In the above-mentioned embodiment, the image adjusting method divides the specific adjusting quantity ΔI of the PWM value into a plurality of sub-adjusting quantities ΔI1 and ΔI2 for respective operation, which means the sub-adjusting quantities ΔI1 and the ΔI2 are smaller than the specific adjusting quantity ΔI. The image adjusting method separately adjusts the PWM values and the intensity offset values of the pixels, multiple slight intensity variation of the pixels are generated rapidly, and the image frame has no flicker for comfortable vision experience. It should be mentioned that the specific adjusting quantity can be divided into sub-adjusting quantities with any amounts, and is not limited to the two sub-adjusting quantities of the above-mentioned embodiment.

In conclusion, the image adjusting method of the present invention is applied to the display apparatus having the ambient light sensor. According to the surrounding illumination detected by the ambient light sensor, the image adjusting method can switch the display apparatus into the corresponding displaying mode; for example, the display apparatus provides high-intensity pixels while being located in the high brightness environment, and provides low-intensity pixels while being located in the low brightness environment. In the cause of prevent the image frame from overexposure or having distorted dark scene, the image adjusting method not only adjusts the PWM value of the pixel, but also utilizes the offset amending function to vary the intensity offset value of the pixel for effectively correcting details of the dark scene and preventing the image frame from flicker, so that the bright scene can be soft without harsh and the dark scene is clear without distortion. Moreover, the image adjusting method of the present invention preferably can achieve an aim of correcting the details of the bright scene and dark scene within the image frame by merely adjusting the PWM value and the intensity offset value of the pixel; even so, the image adjusting method is able to optionally execute steps of adjusting the contrast value and the color value for the optimal image frame. The image adjusting method preferably adjusts the contrast value before adjustment of the PWM value, and certainly the PWM value can be adjusted before the adjustment of the contrast value, which depends on actual demand.

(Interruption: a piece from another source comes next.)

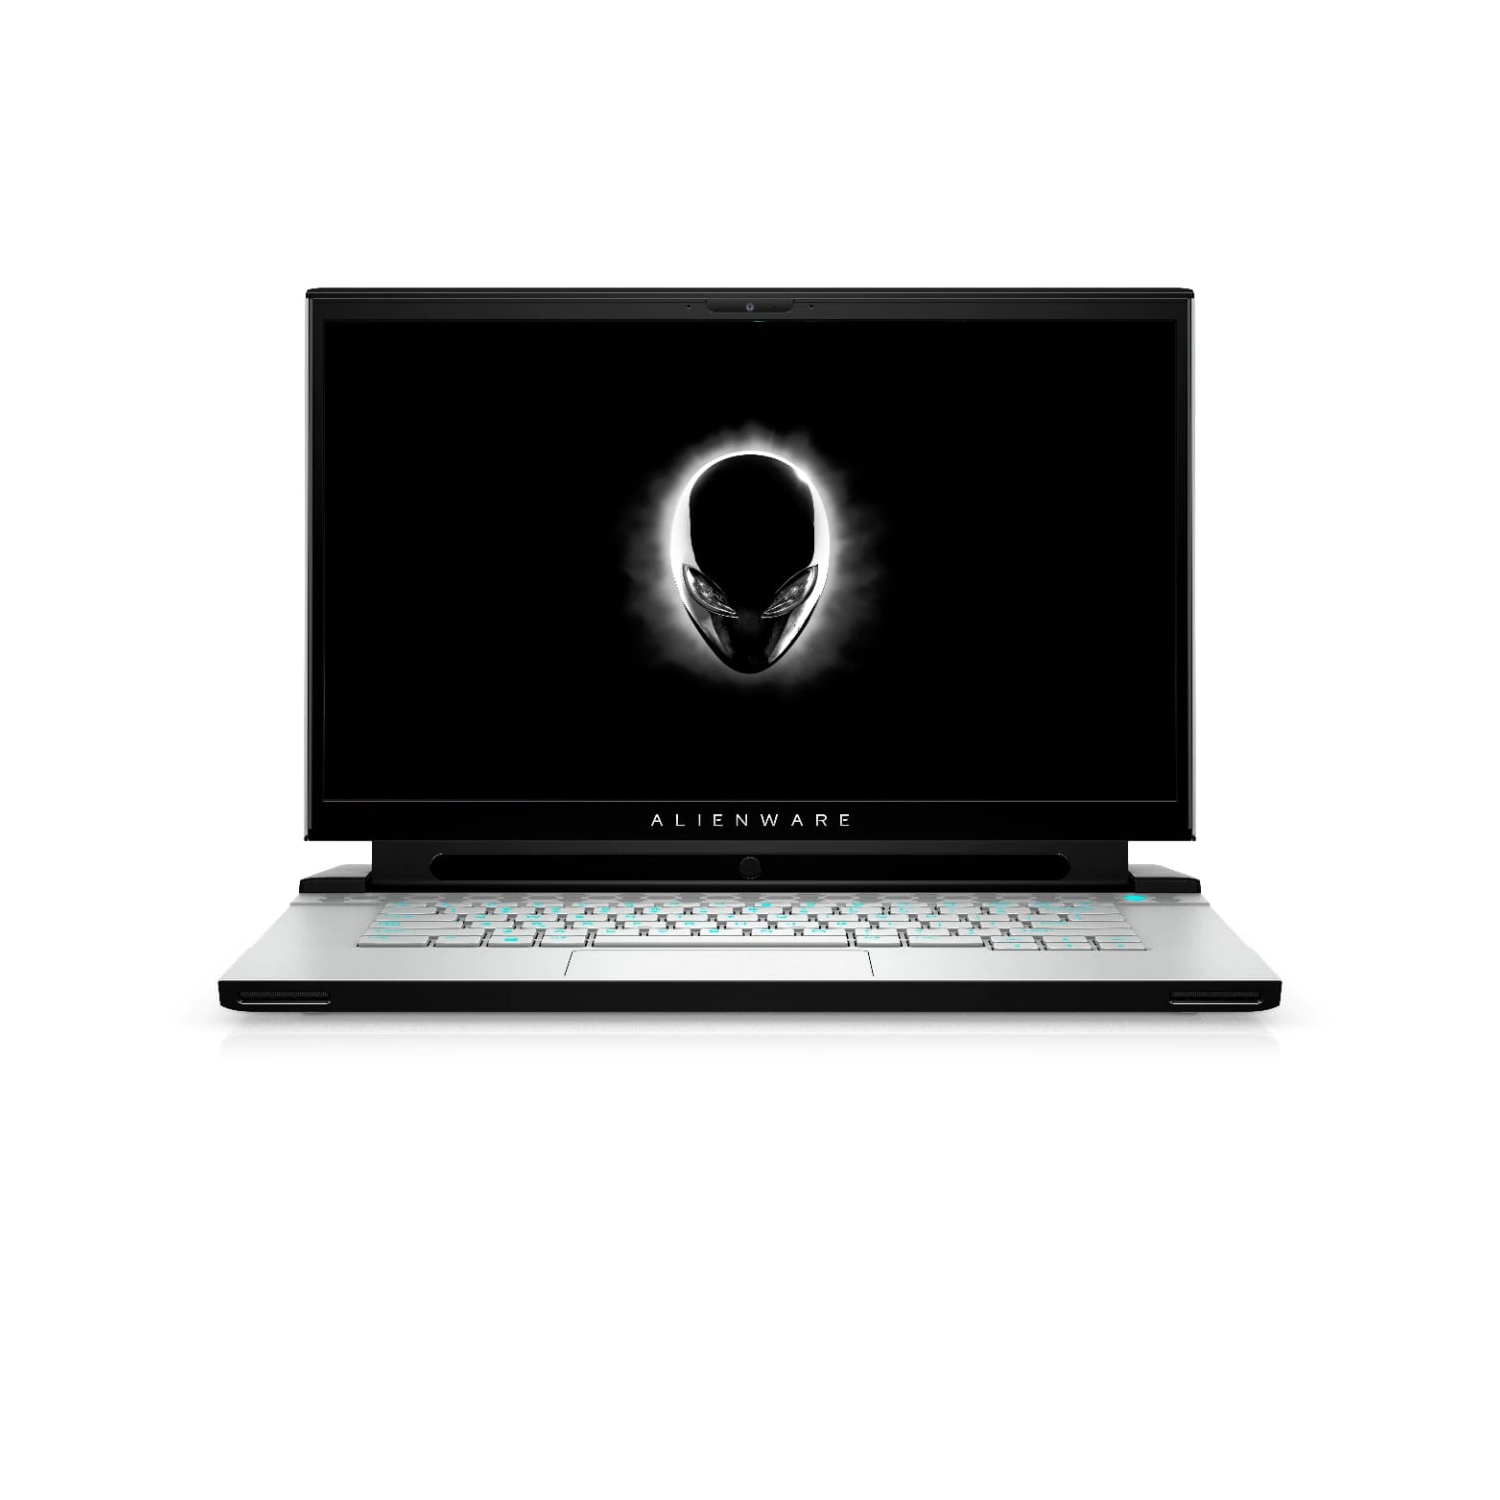 Refurbished (Excellent) - Dell Alienware m15 R3 Gaming Laptop (2020), 15.6" FHD, Core i7, 512GB SSD, 16GB RAM, RTX 2060, 6 Cores @ 5 GHz, 10th Gen CPU Certified

Please refer to FIG. 14. FIG. 14 is a datum diagram of the image frame displayed on the display apparatus 10 adjusted by the image adjusting method according to the embodiment of the present invention. As shown in FIG. 14, the dark region of the pixels can be kept at position near to the intensity 0 no matter what displaying mode the display apparatus is switched, and then the office mode (which represents the highest brightness environment) has the bright scene with high intensity and the dark mode (which represents the lowest brightness environment) has the bright scene with low intensity. Comparing to the prior art, the display apparatus of the present invention can provide the soft image frame for comfortable observation while the surrounding illumination is violently changed.

Those skilled in the art will readily observe that numerous modifications and alterations of the device and method may be made while retaining the teachings of the invention. Accordingly, the above disclosure should be construed as limited only by the metes and bounds of the appended claims.